TheHomelessHero said:
2. Why do you feel most modern RPGs such as Mass Effect, TES V: Skyrim, and Dragon Age remove any real randomness (outside of loot drops)?
One of these things is not like the others (in that it relies heavily on RNG effects).
Niggling point aside, it goes back to the fact that cRPGs grew out of pen and paper RPGs which, being exercises of the imagination rather than actual user experiences, use dice to model the limitations of character's abilities. Since modern video games can model environments quite convincingly, it's no longer necessary to simulate these kinds of effects with abstract probability. I don't need to roll to determine whether my archer hits the goblin with his arrow when I can actually see whether my arrow lands or target or not.
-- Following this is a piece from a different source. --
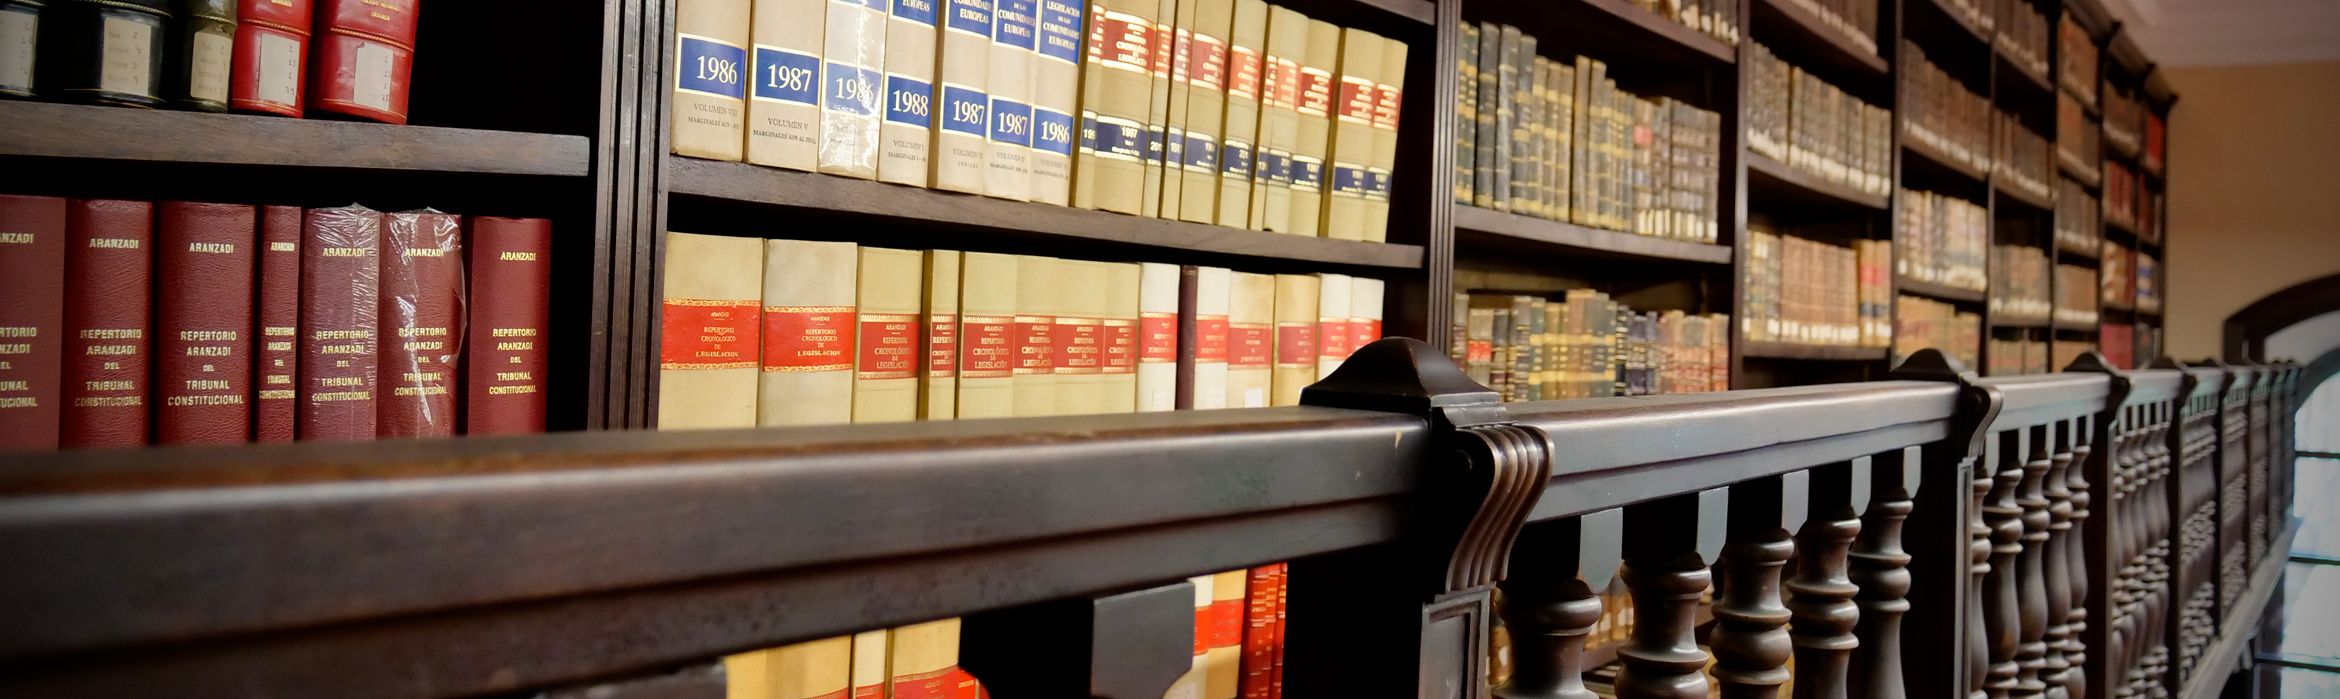 Estanterías llenas de libros en el segundo nivel de la biblioteca de la Facultad de Derecho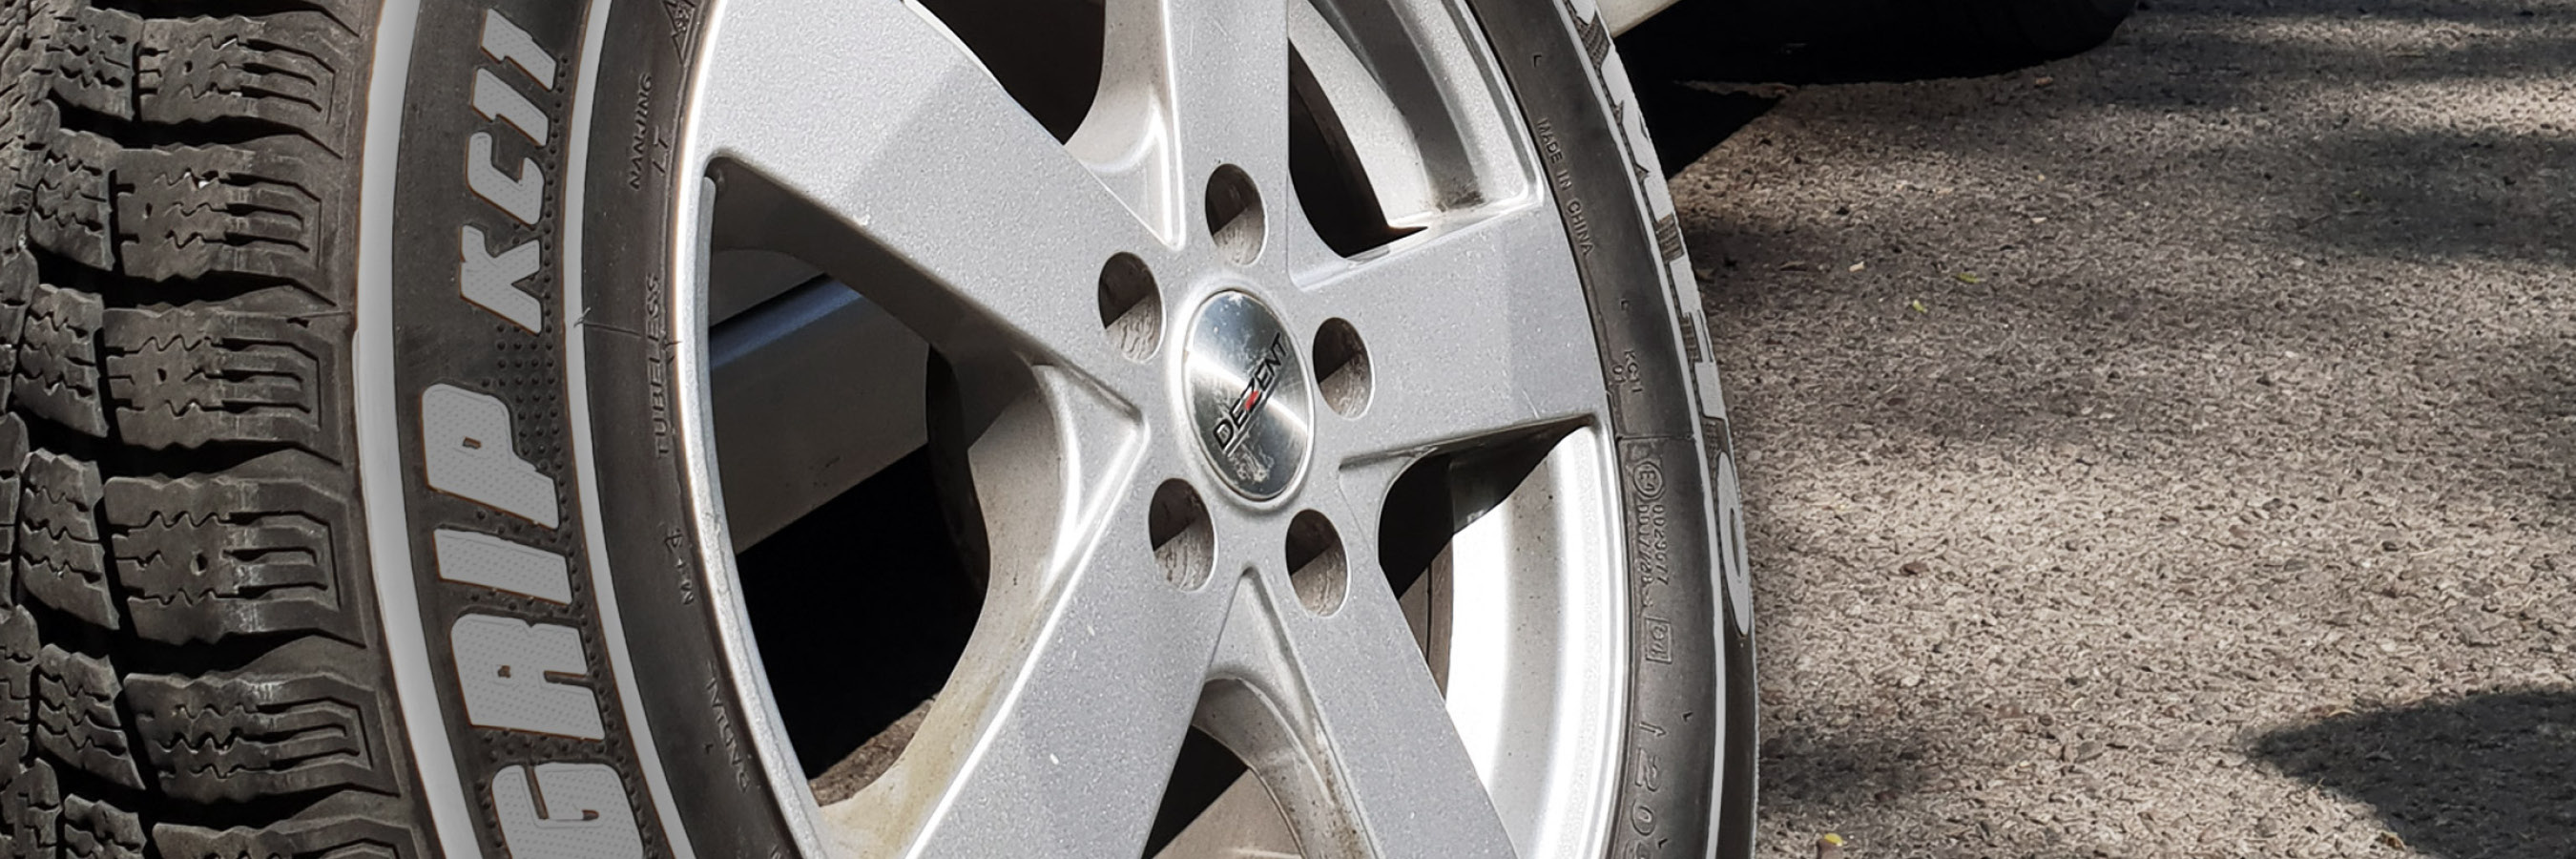 Mal på dæk – Opfrisk dæk med hvide dækpenne

What is lost, I suppose, is some of the actual role playing. How well Commander Shepard shoots is not determined by his or her own abilities (which in an old school RPG would be abstracted into stats) but by those of the player. In this regard, Commander Shepard is less an independent character and more an avatar or extension of the player in the same way as Marcus Fenix or any other video game character who theoretically has a "character" of their own but really just exists to serve as a medium between player and game.
Is this bad? Not necessarily.. I think there's an unhealthy element of nostalgia-blinded grognardism in the relentless demand for old school RPGs, and I think people often forget too quickly quite how tedious a lot of those games actually were to play. But clearly there's a market here somewhere which is not being adequately satisfied. Planescape Torment may be rightly remembered as one of the best RPG storylines of all time, but seriously.. go back and actually play it, because I think you'll find that the actual gameplay is often punishingly dull.
The other thing is that, thanks to World of Warcraft, MMOs have really taken up that stat-focused RNG-based gameplay model, and a lot of them do it very well. Furthermore, the kinds of persistent worlds used in MMOS are simply a better environment for that model, because in a single player game any idiot can save scum their way through to the best result. I remember spending hours in Fallout as a kid making endless pickpocket attempts despite having invested nothing into pickpocket and simply reloading like a ***** whenever I failed, which isn't the intended effect or any meaningful form of roleplaying. An RNG is intended to test your ability to manage risk (which I now absolutely love in games, and feel is too often neglected in favor of a relentless and constant system of churning out empty reward) and to force you to behave in line with your characters actual abilities for fear of fucking things up, but in truth outside of a persistent world it's only really a test of of your ability to mash quickload.